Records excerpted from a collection
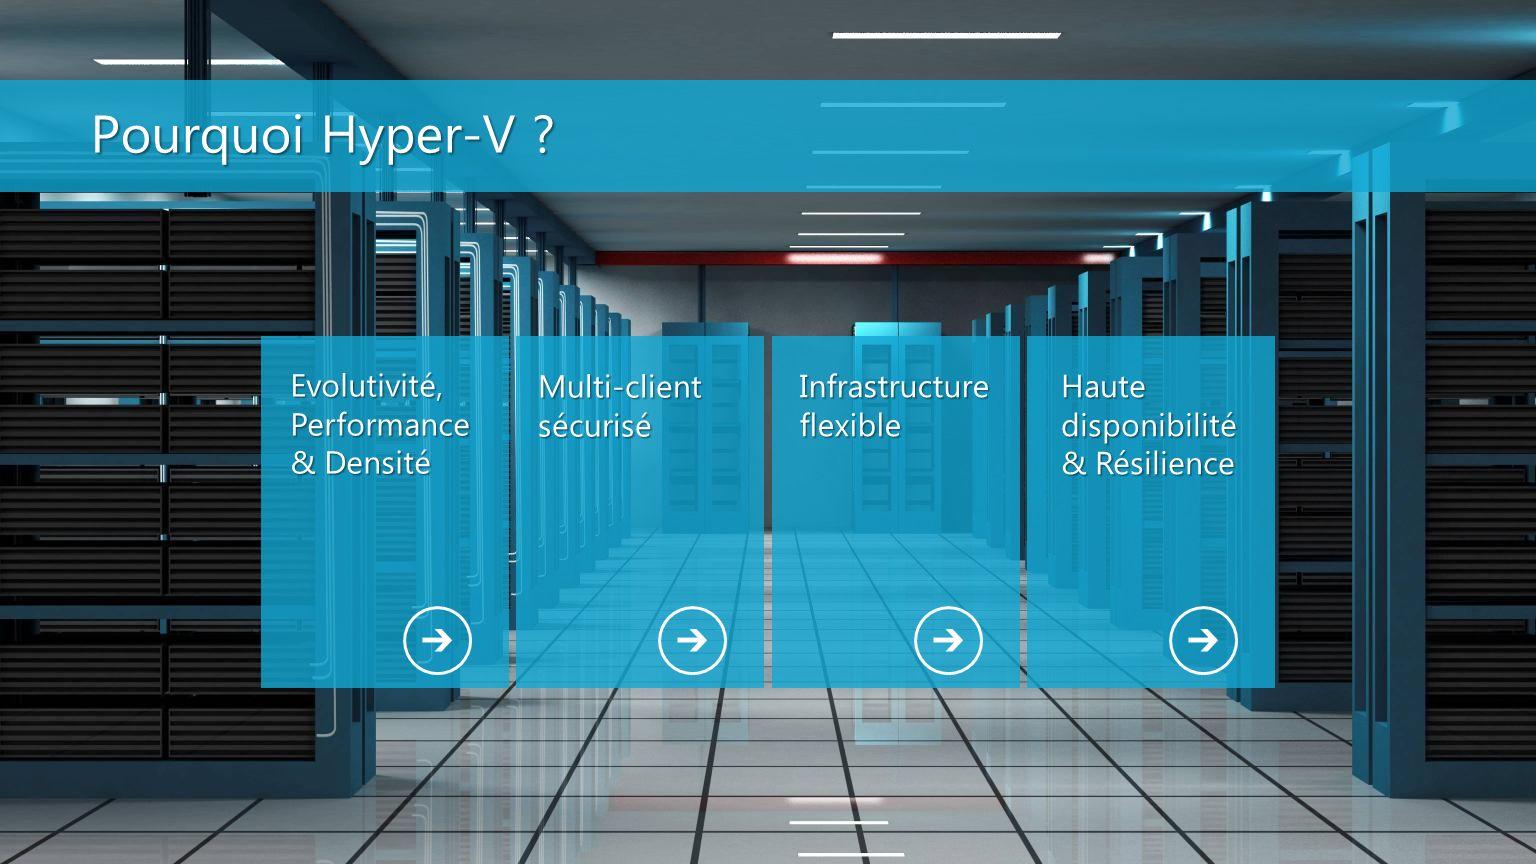 Pourquoi Hyper-V Evolutivité, Performance & Densité
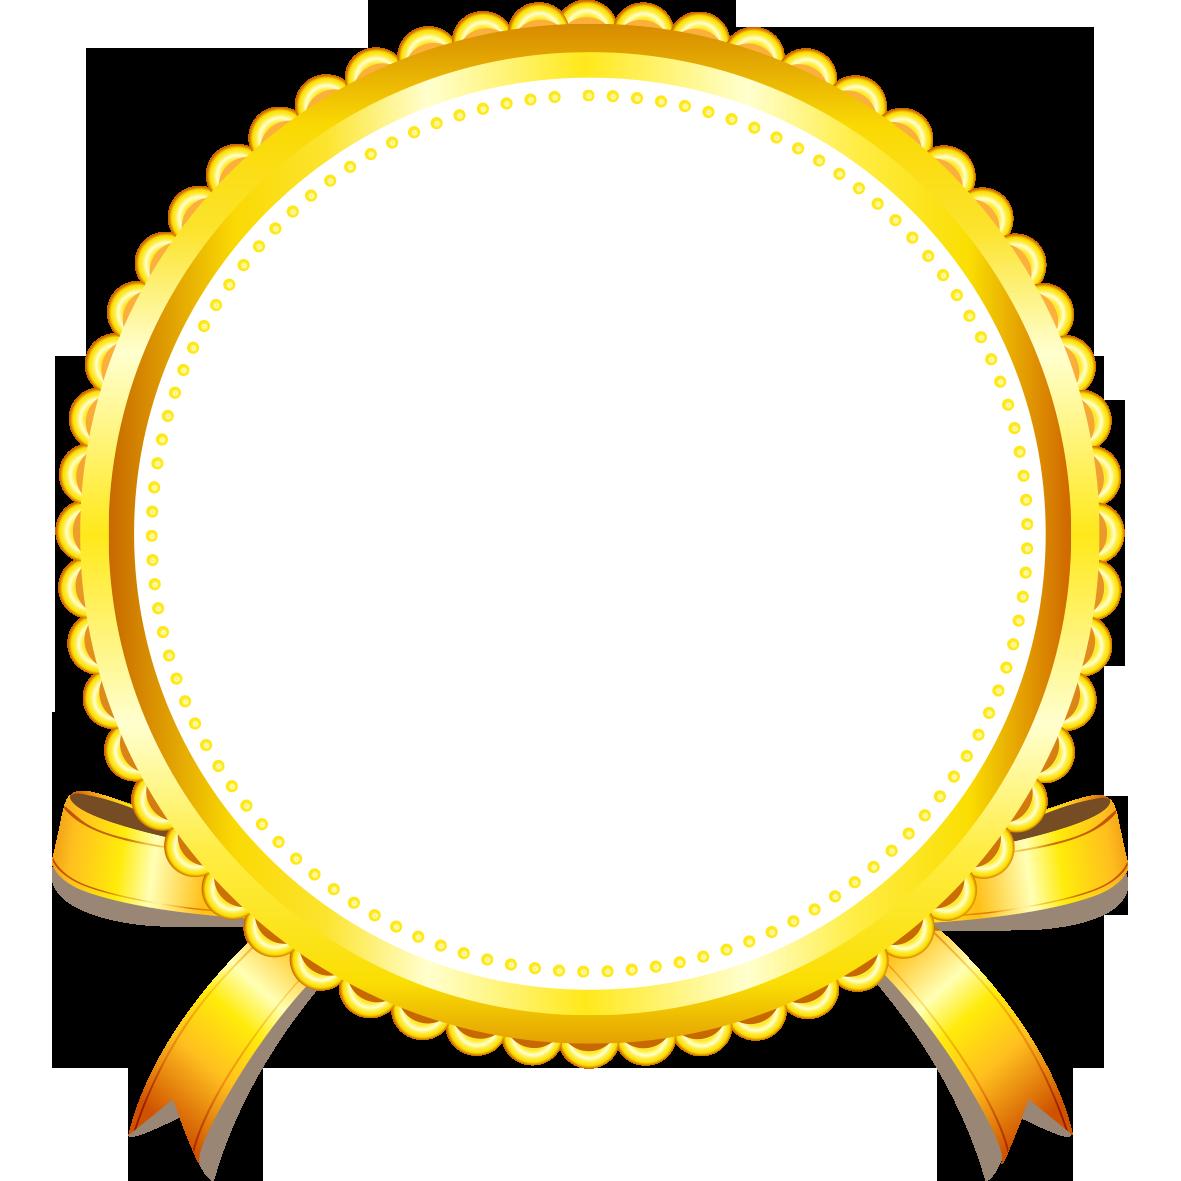 最も人気のある Gold Golden Image - サンゴメガ
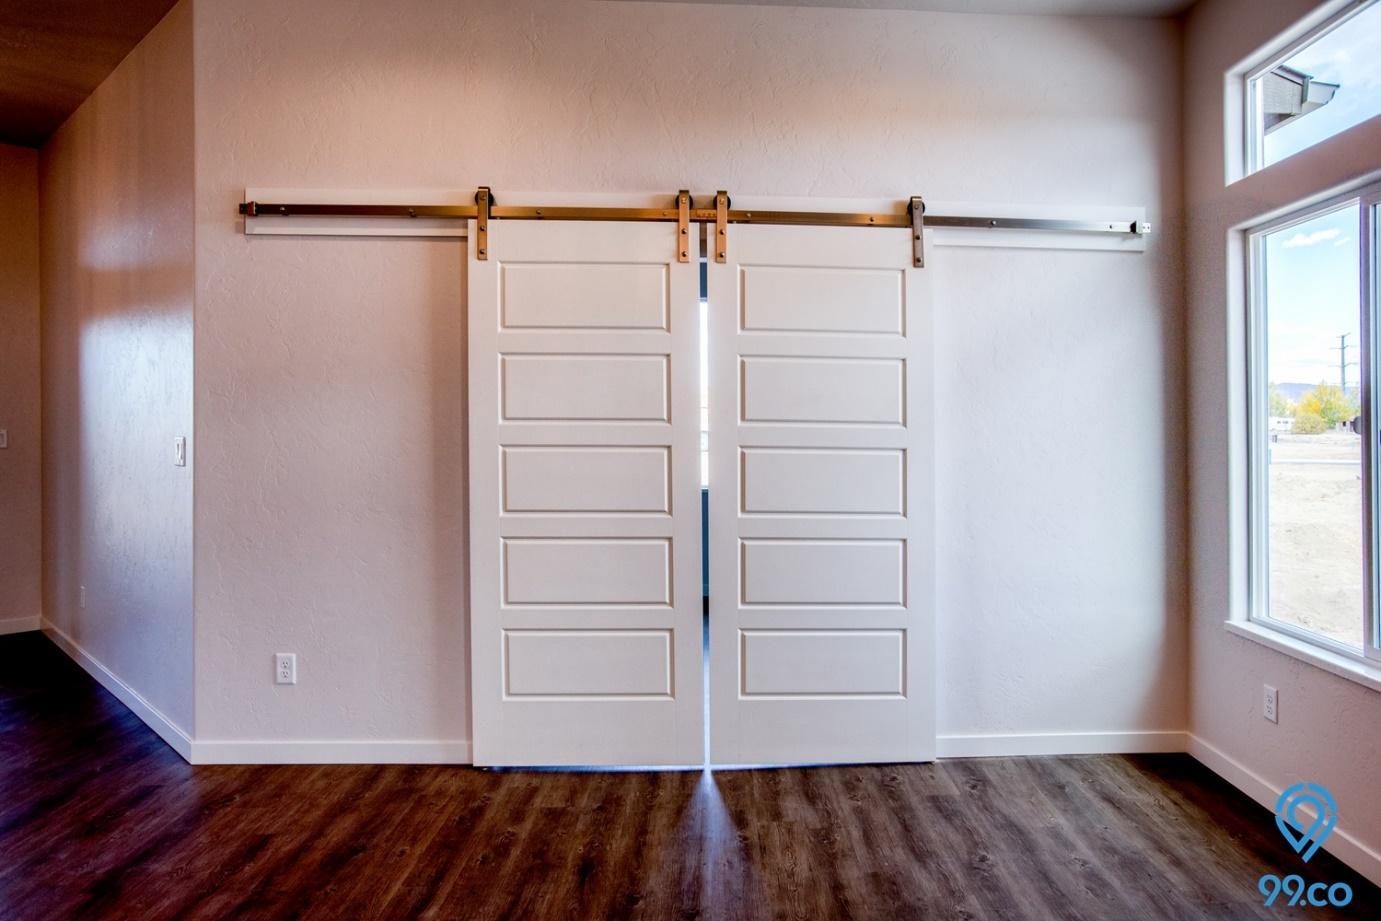 12 Inspirasi Bentuk Pintu Rumah Minimalis Tahun 2020
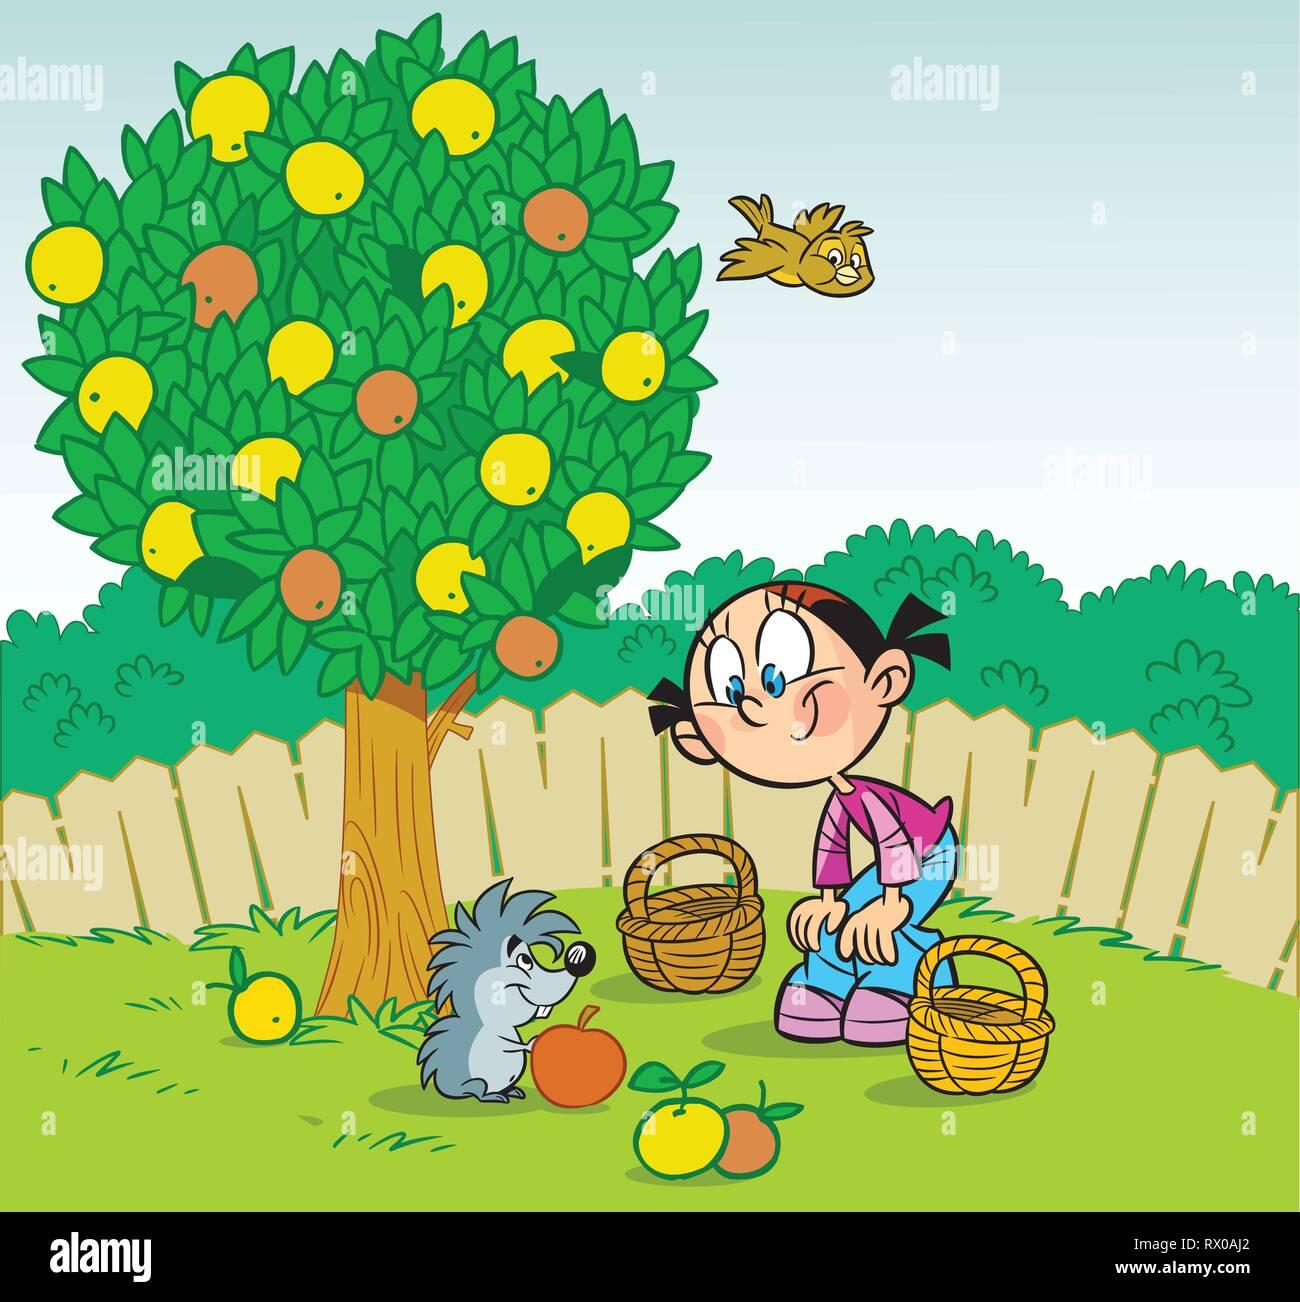 Super Die Abbildung zeigt ein Mädchen, das Im Garten arbeiten. Kleine &MO_04
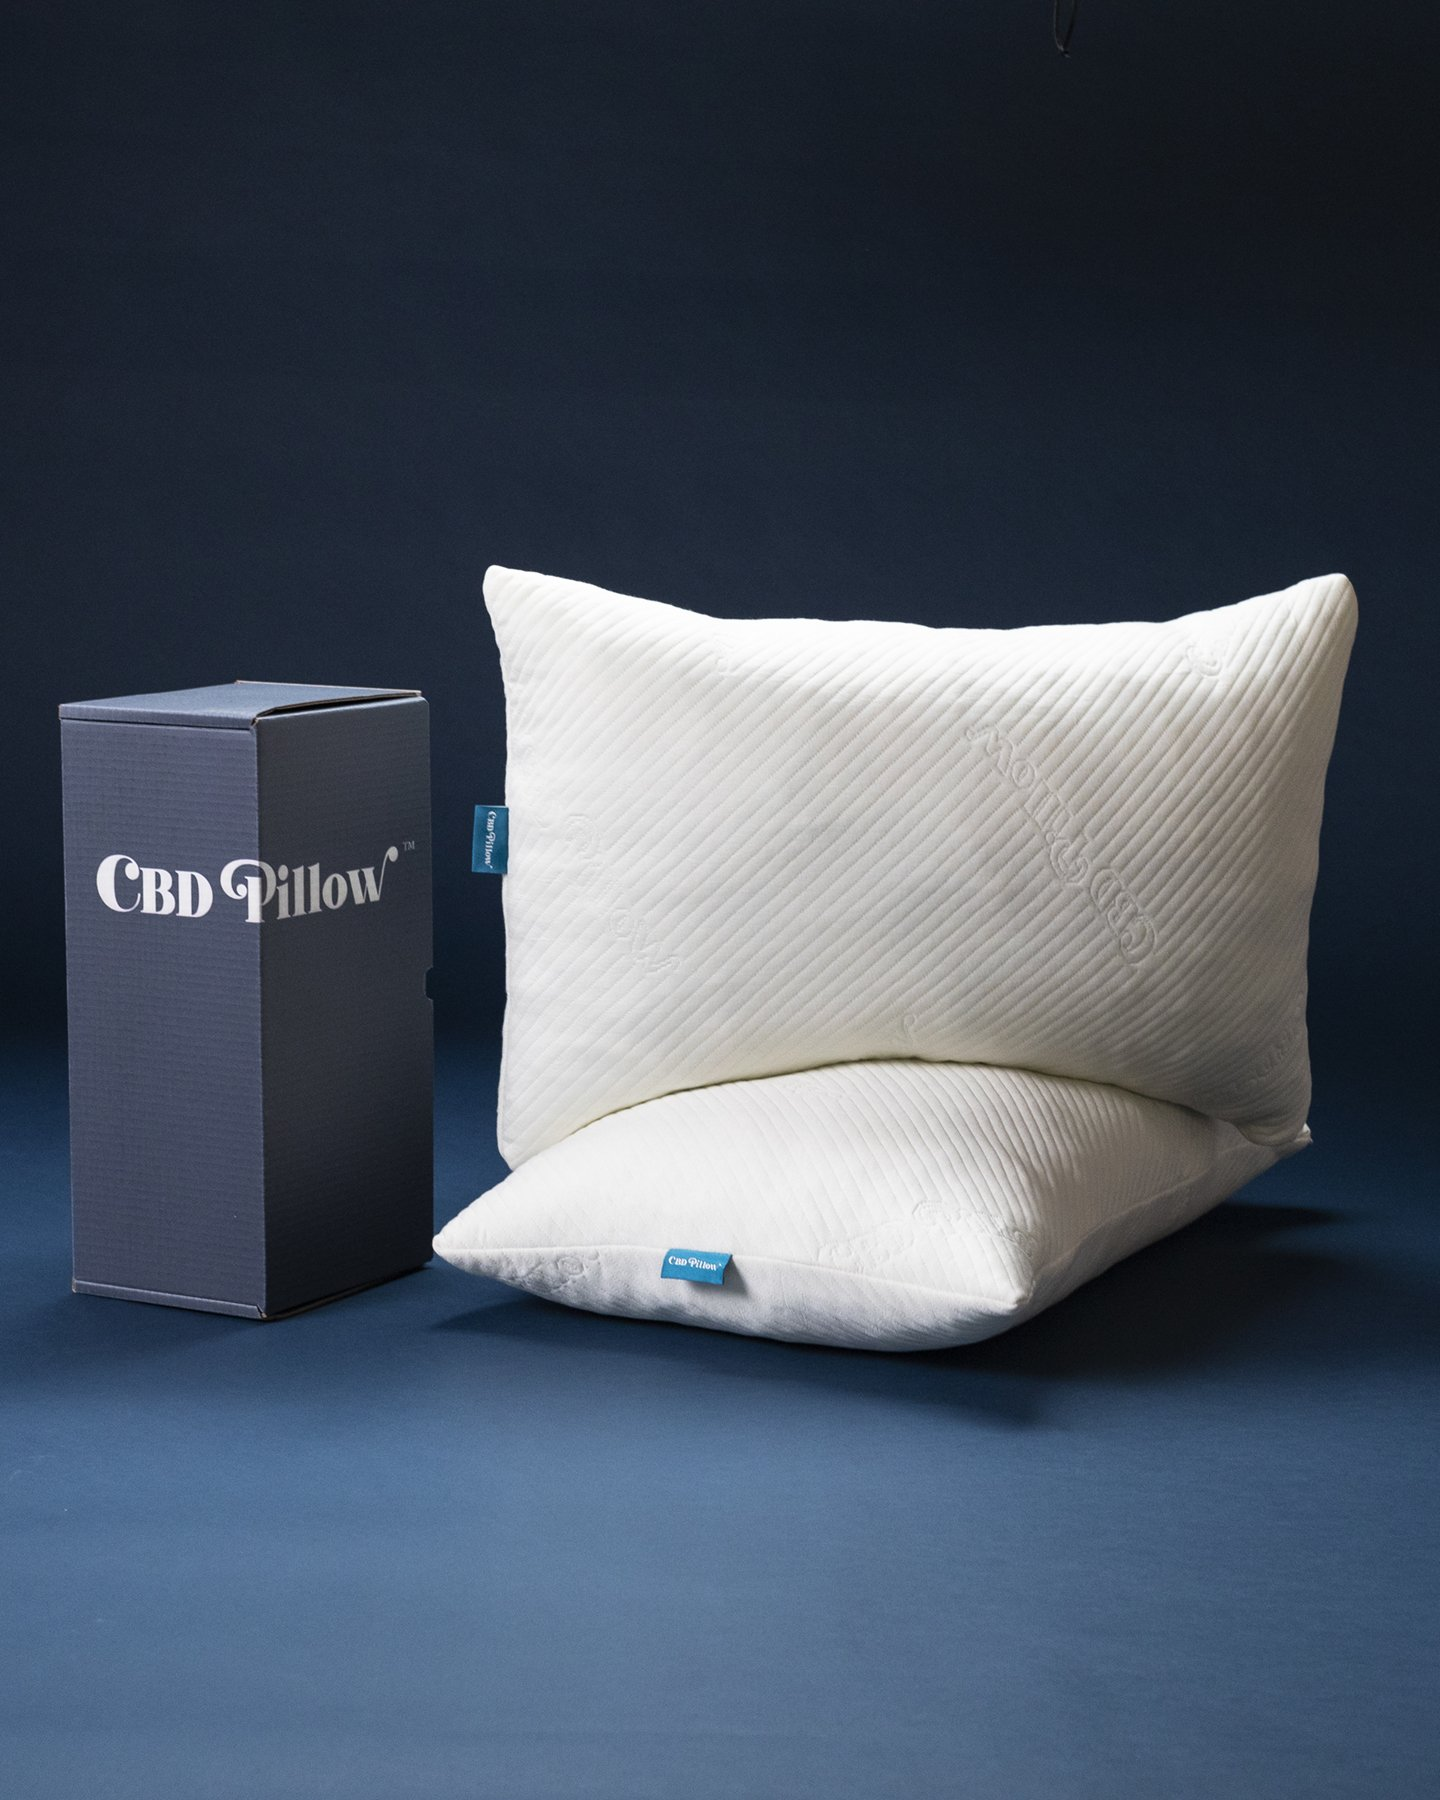 The CBD Pillow, $99 @cbdpillow.com

### Required work
The lines wanted are those from the one with "Super Die Abbildung" to the end of the entries above, repeated exactly, both ends included. Leave out the pictures.

### Solved problem
 Super Die Abbildung zeigt ein Mädchen, das Im Garten arbeiten. Kleine &MO_04
 The CBD Pillow, $99 @cbdpillow.com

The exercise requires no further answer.